Local AI

Low-latency data retrieval for local RAG

Local AI applications are apps that run AI models locally. Local AI models need context data. Especially for retrieval-augmented generation (RAG):

Latency and UX

Retrieving data adds latency to the AI experience. For example, if you're making a voice agent and you have high latency, it feels like an old satellite phone call, with lots of delays and talking over each other.

Inference latency

There are two ways to reduce AI latency:

reducing inference latency — how long the model takes
reducing data latency — how long context retrieval takes

Reducing inference latency is complex and expensive.

Data latency

This is why having local data, on device, for the local AI to use as context data, is so important. Because local data avoids network latency when retrieving data.

Live local data

If you have local data, you need to keep it live, just like you do for a local cache.

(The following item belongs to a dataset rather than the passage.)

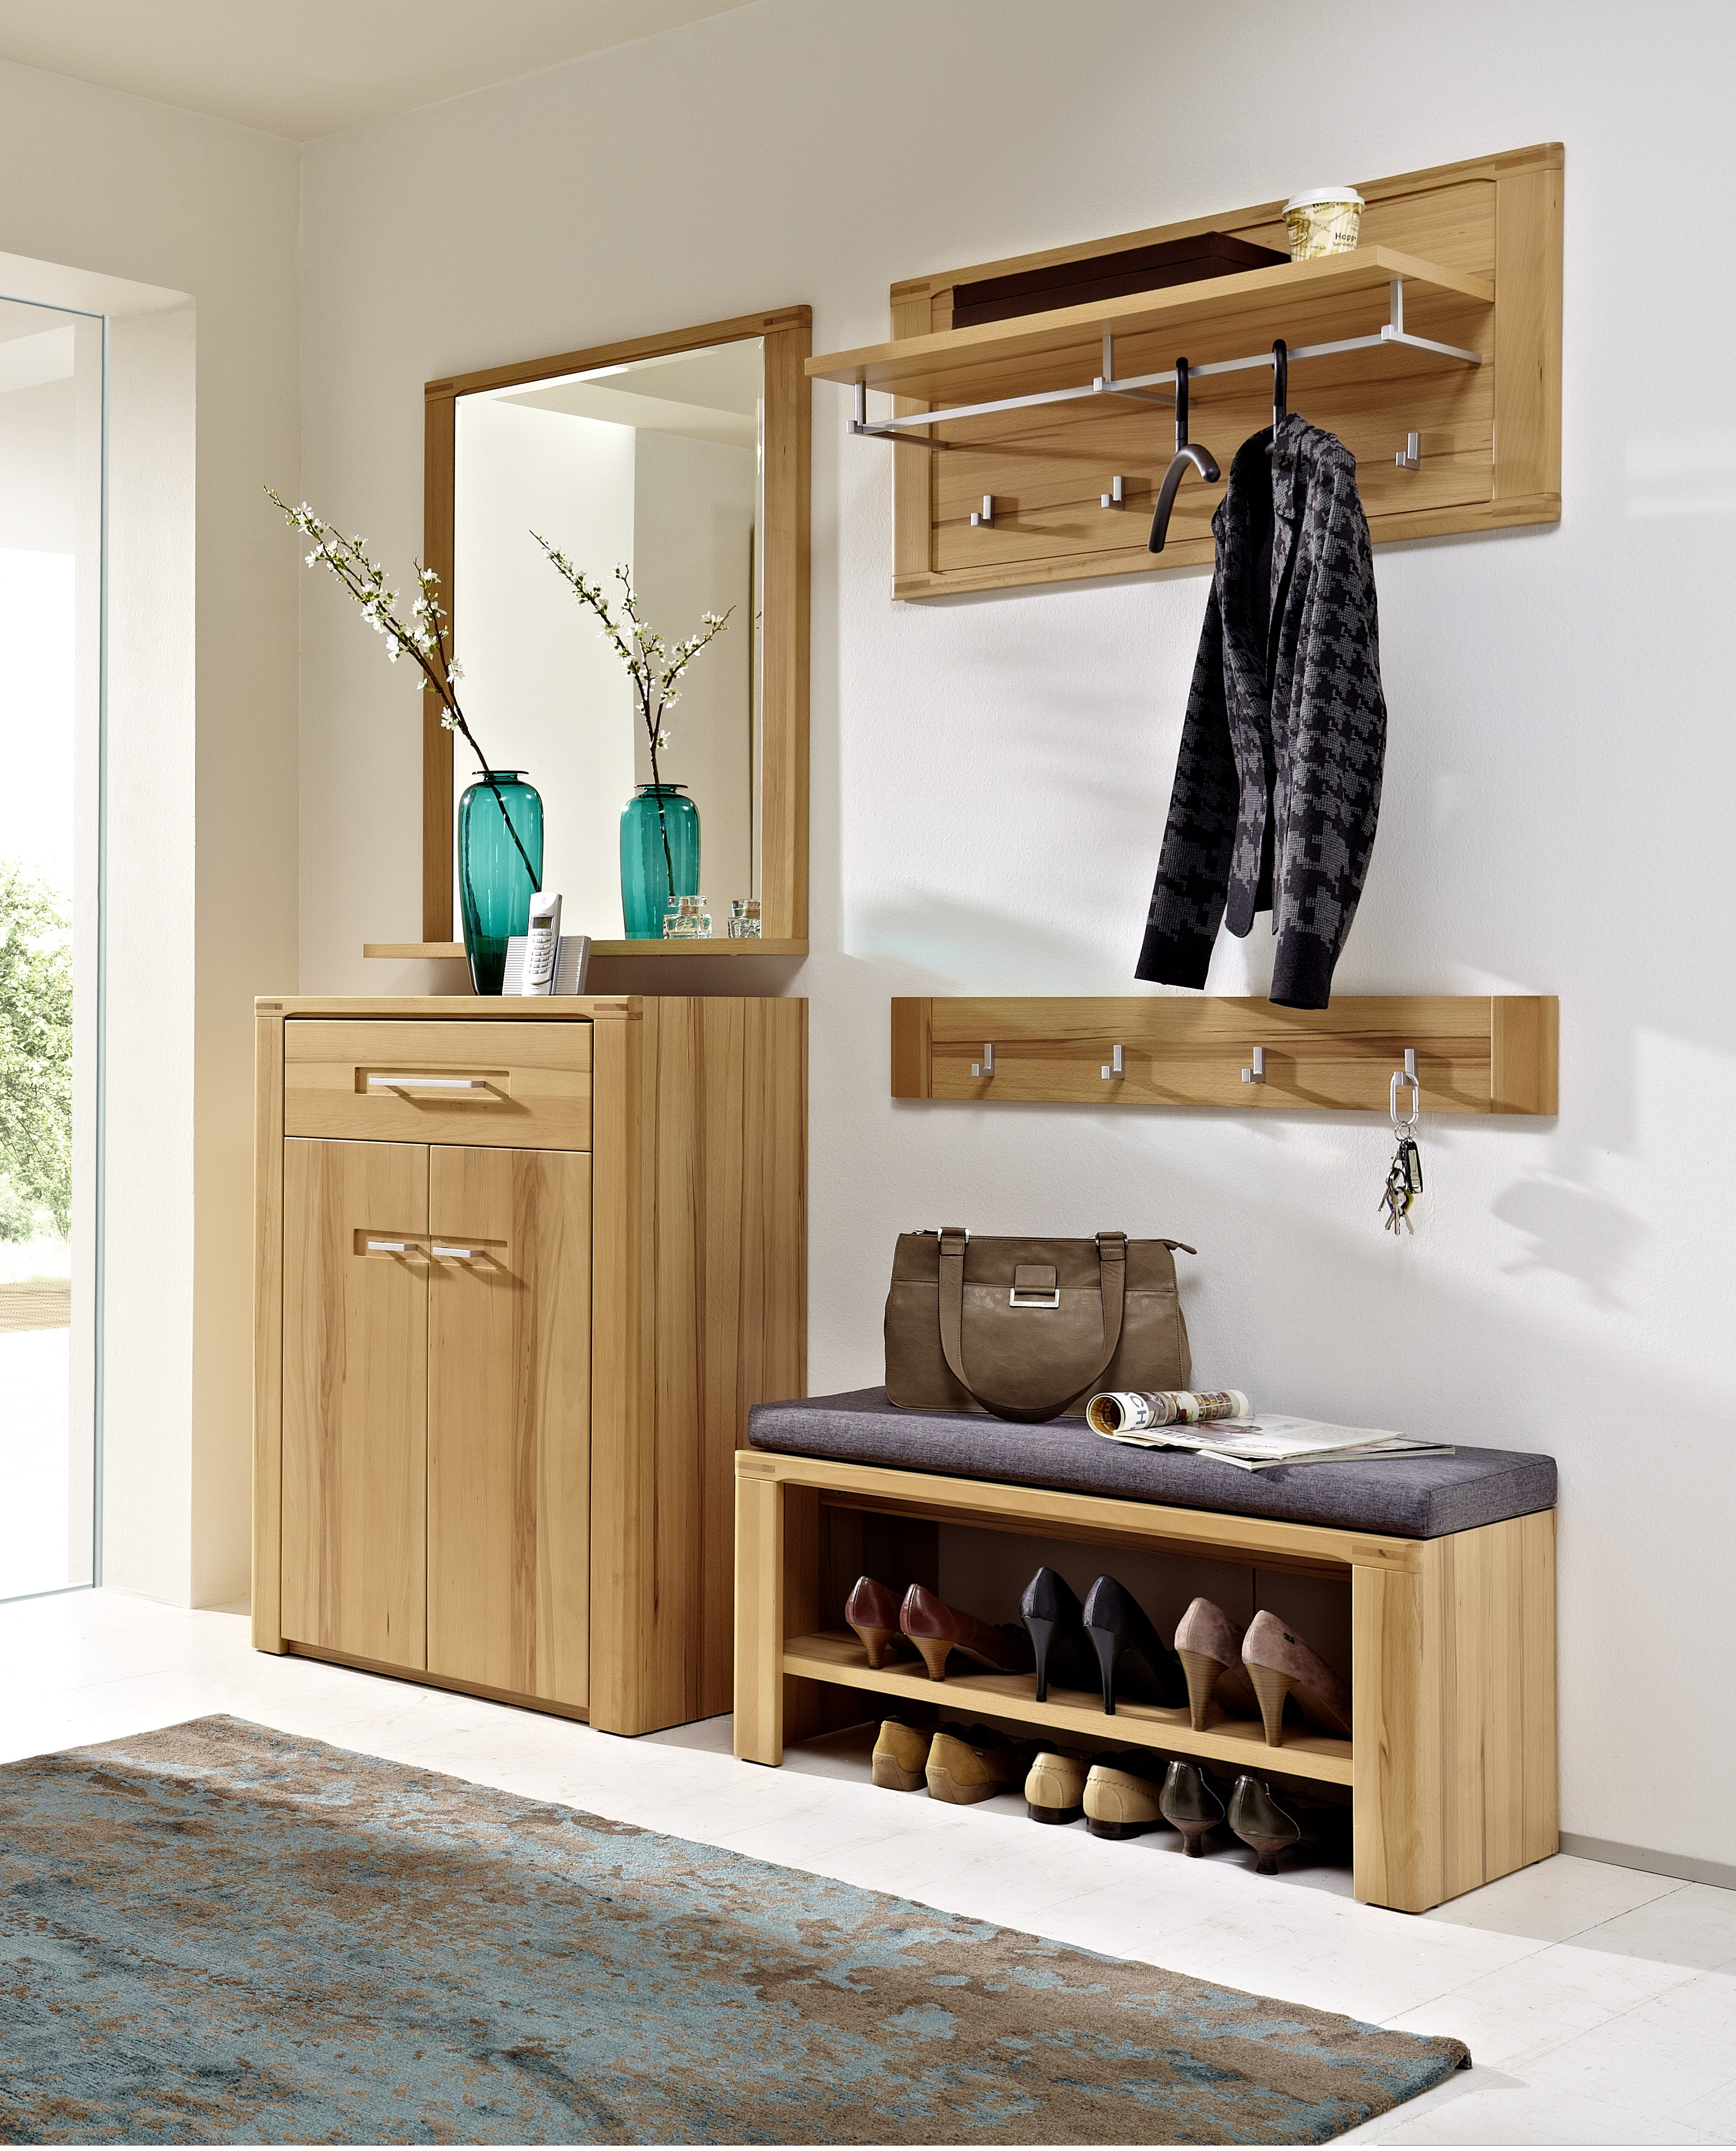 nestor plus garderobenpaneel. Black Bedroom Furniture Sets. Home Design Ideas

For example, if you use LangChain to load a data corpus, it's static. The context data is stale and can easily go out of date.

Relational systems

Live data for most business applications lives in a relational database like Postgres. So the challenge is how to connect the AI to live, local, relational data.

Electric sync

Electric provides live data retrieval for local RAG applications, using hybrid vector-relational sync, from your existing Postgres systems.

Live data retrieval

Using Electric, you can sync live data, locally, for low-latency retrieval.

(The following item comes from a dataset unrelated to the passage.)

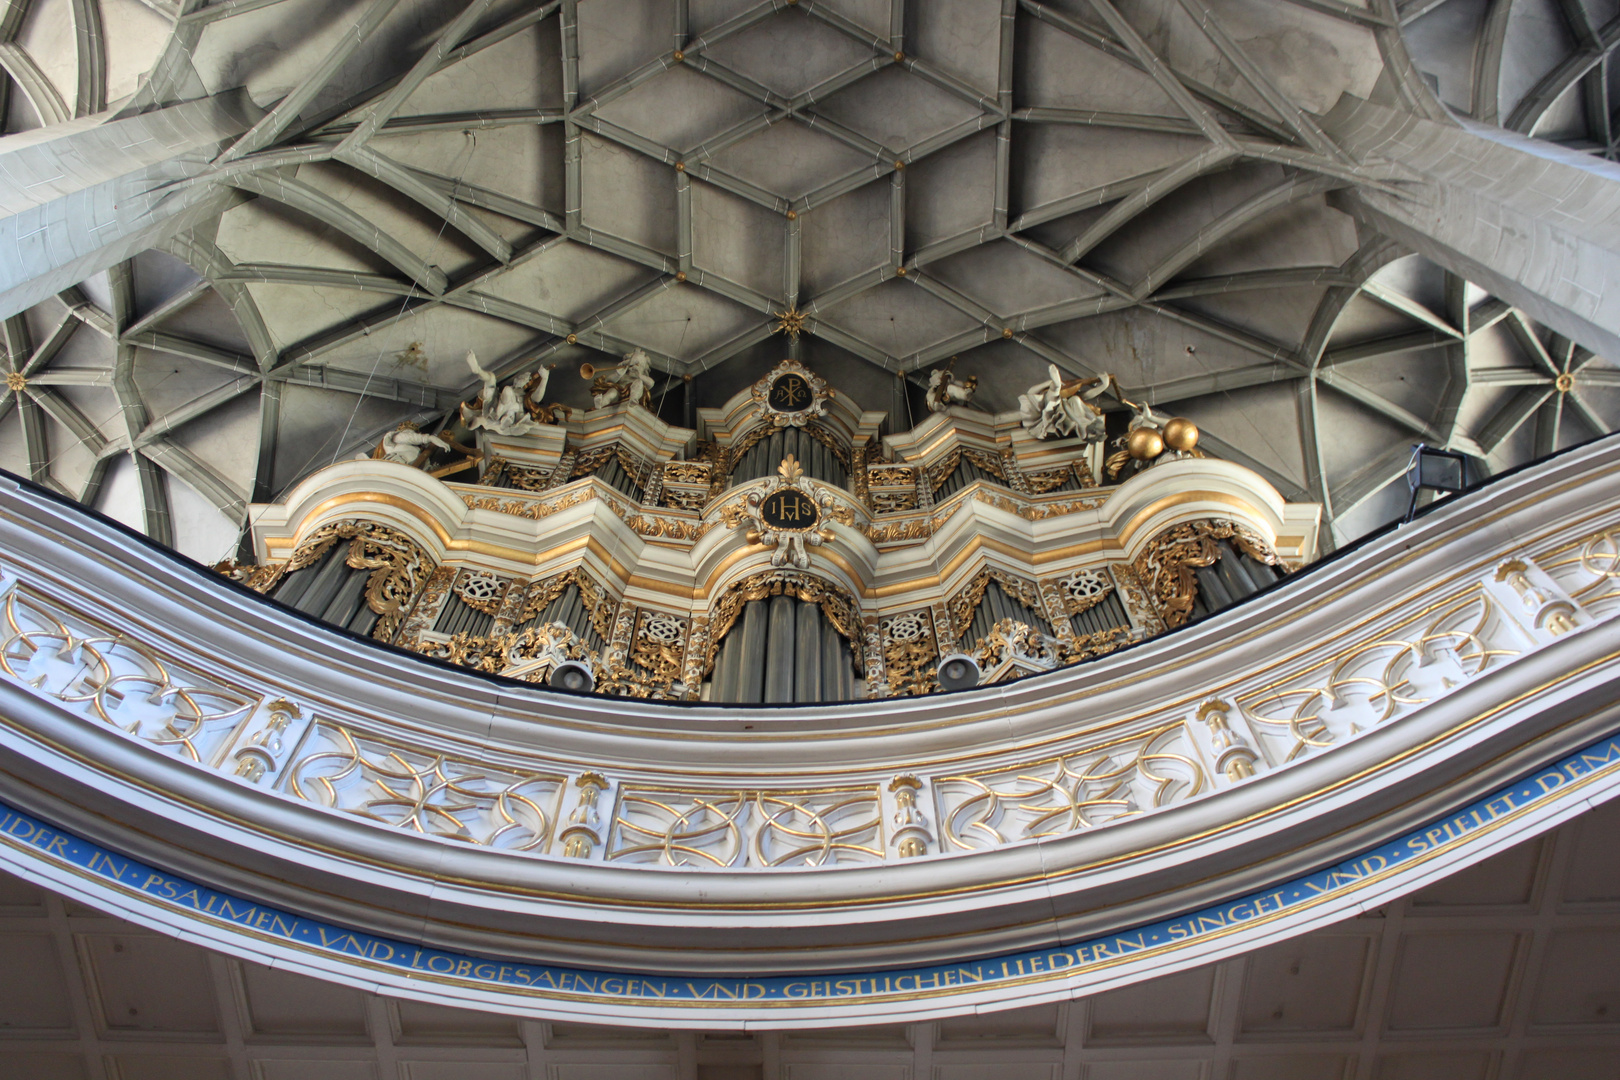 Orgel bei uns in Halle/Saale

Electric's Shapes allow you to sync the right data onto the local device. This controls the shape of the local knowledge base. This allows your model to find the right context data for the prompt, with context discovery across the relational data model.

You can then feed the context data it into the model in the best way and distill the results to maximise model performance. Because the data is synced locally, you eliminate network latency from the data retrieval time.

Hybrid vector-relational sync

Electric syncs data from Postgres into local data stores, including PGlite. Postgres and PGlite both support pgvector.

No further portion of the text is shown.